The news comes as President Trump announced he would extend the deadline a second time for TikTok’s Chinese-owned parent company ByteDance to sell the U.S. subsidiary of TikTok to an American buyer or face an effective ban on U.S. app stores. The new deadline is now in June, which, as Foroughi described, “buys more time to put the pieces together” on AppLovin’s bid. 

“The president’s a great dealmaker — we’re proposing, essentially an enhancement to the deal that they’ve been working on, but a bigger version of all the deals contemplated,” he added.
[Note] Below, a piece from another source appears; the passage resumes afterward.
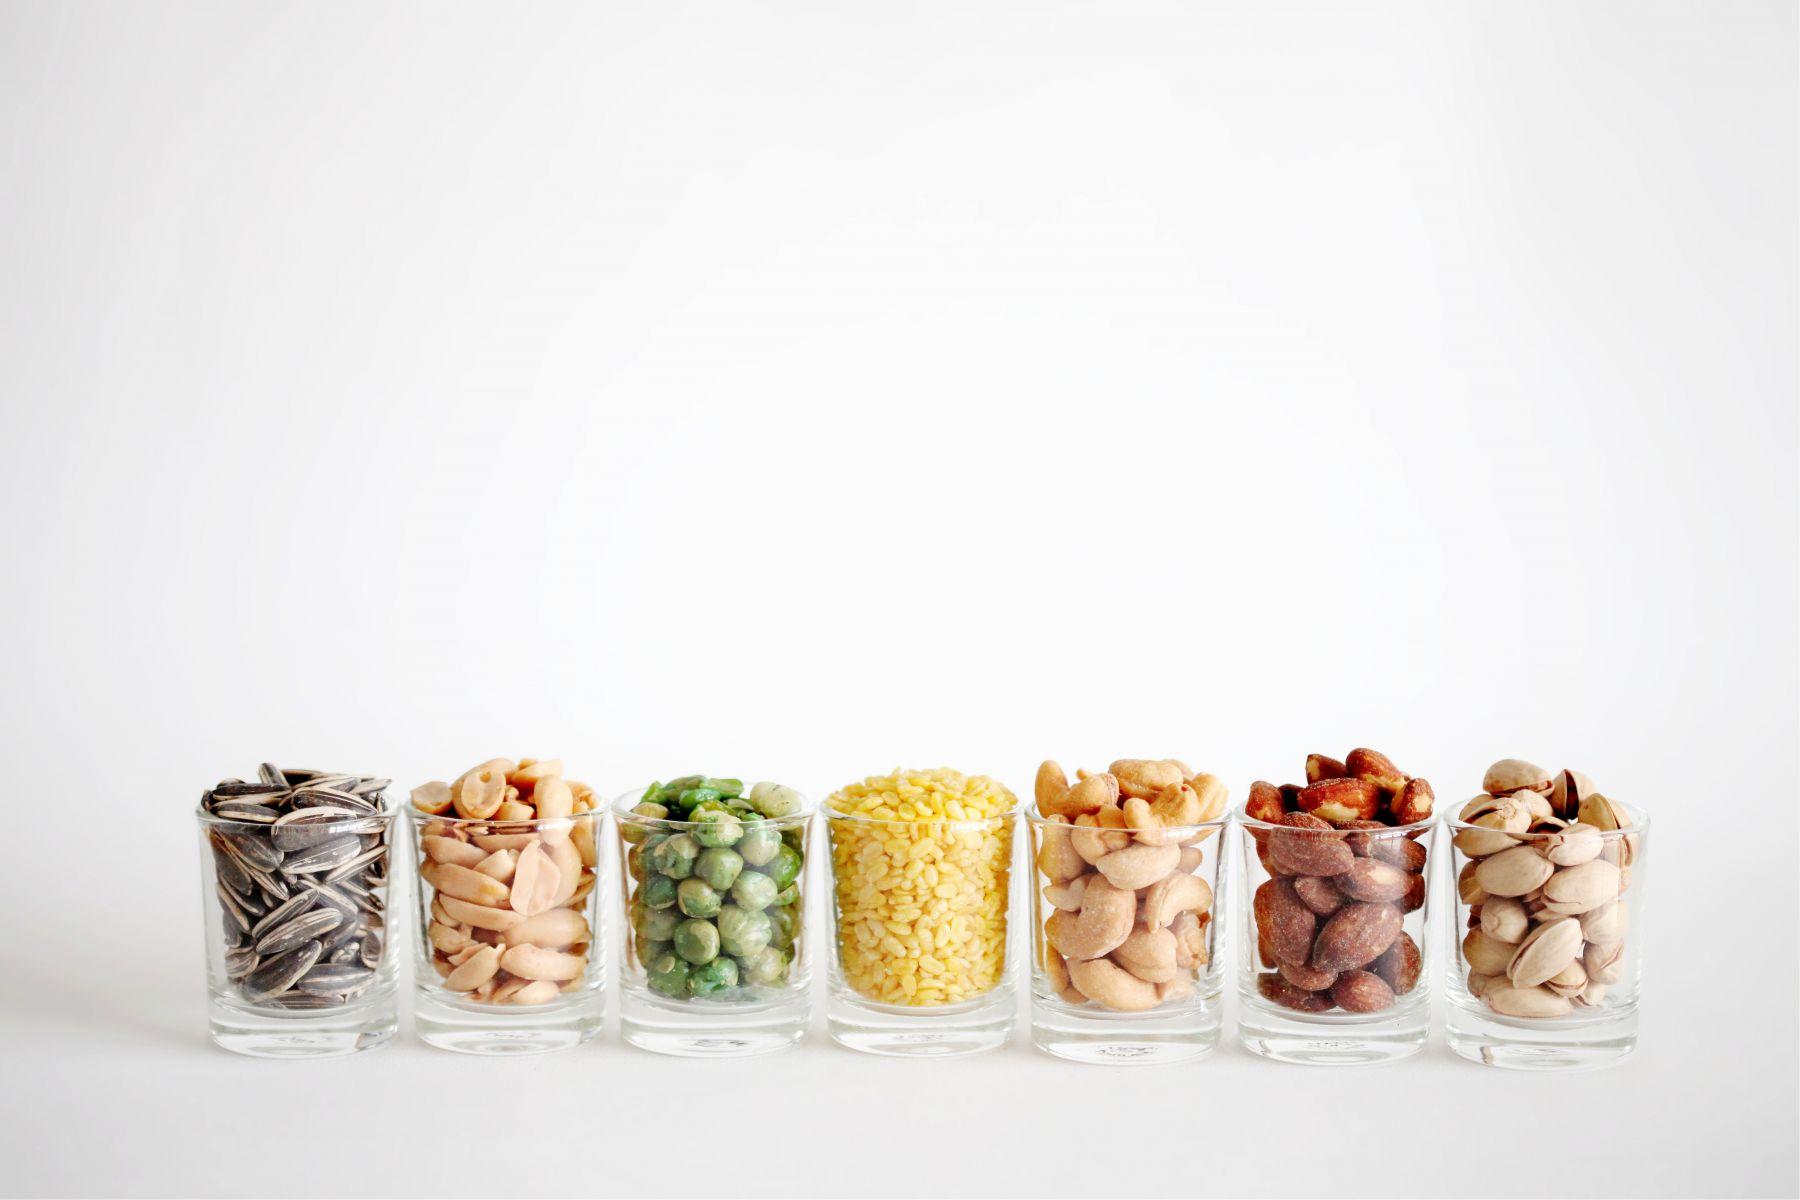 每天吃堅果擊敗發炎、衰老、癌症!8食物防癌抗發炎秘訣公開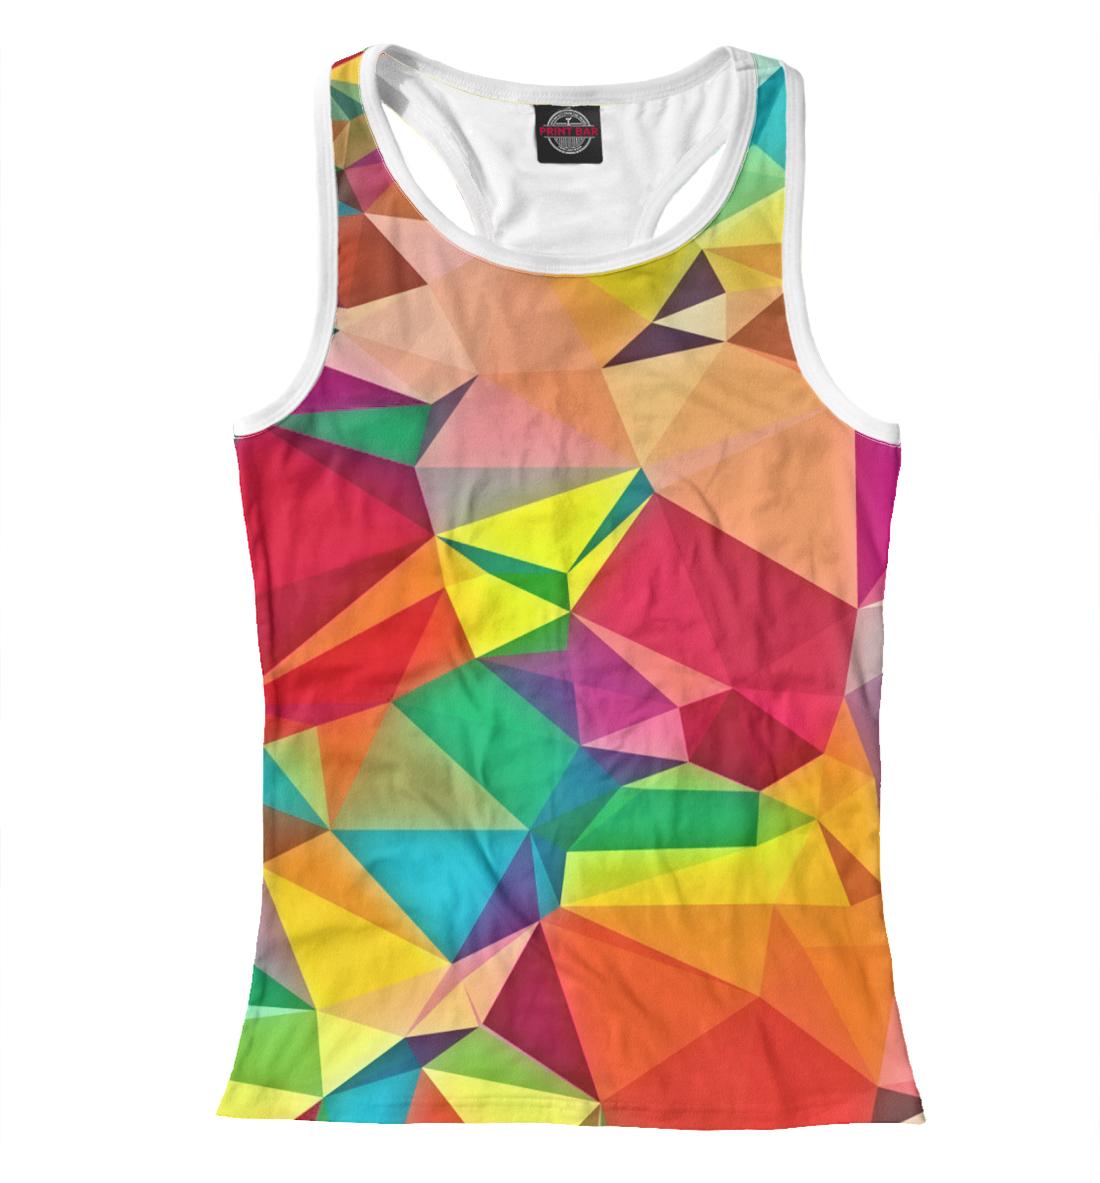 Купить Цветная абстракция, Printbar, Майки борцовки, ABS-277635-mayb-1

AppLovin faces a crowded field of other interested U.S. backers, including Amazon, Oracle, billionaire Frank McCourt and his Project Liberty consortium, and numerous private equity firms. Some proposals reportedly structure the deal to give a U.S. buyer 50% ownership of the company, rather than a complete acquisition. The Chinese government will still need to approve the deal, and AppLovin’s interest in purchasing TikTok in “all markets outside of China” is “preliminary,” according to an April 3 SEC filing.

Correction: A prior version of this story incorrectly characterized China’s ongoing role in TikTok should AppLovin acquire the app.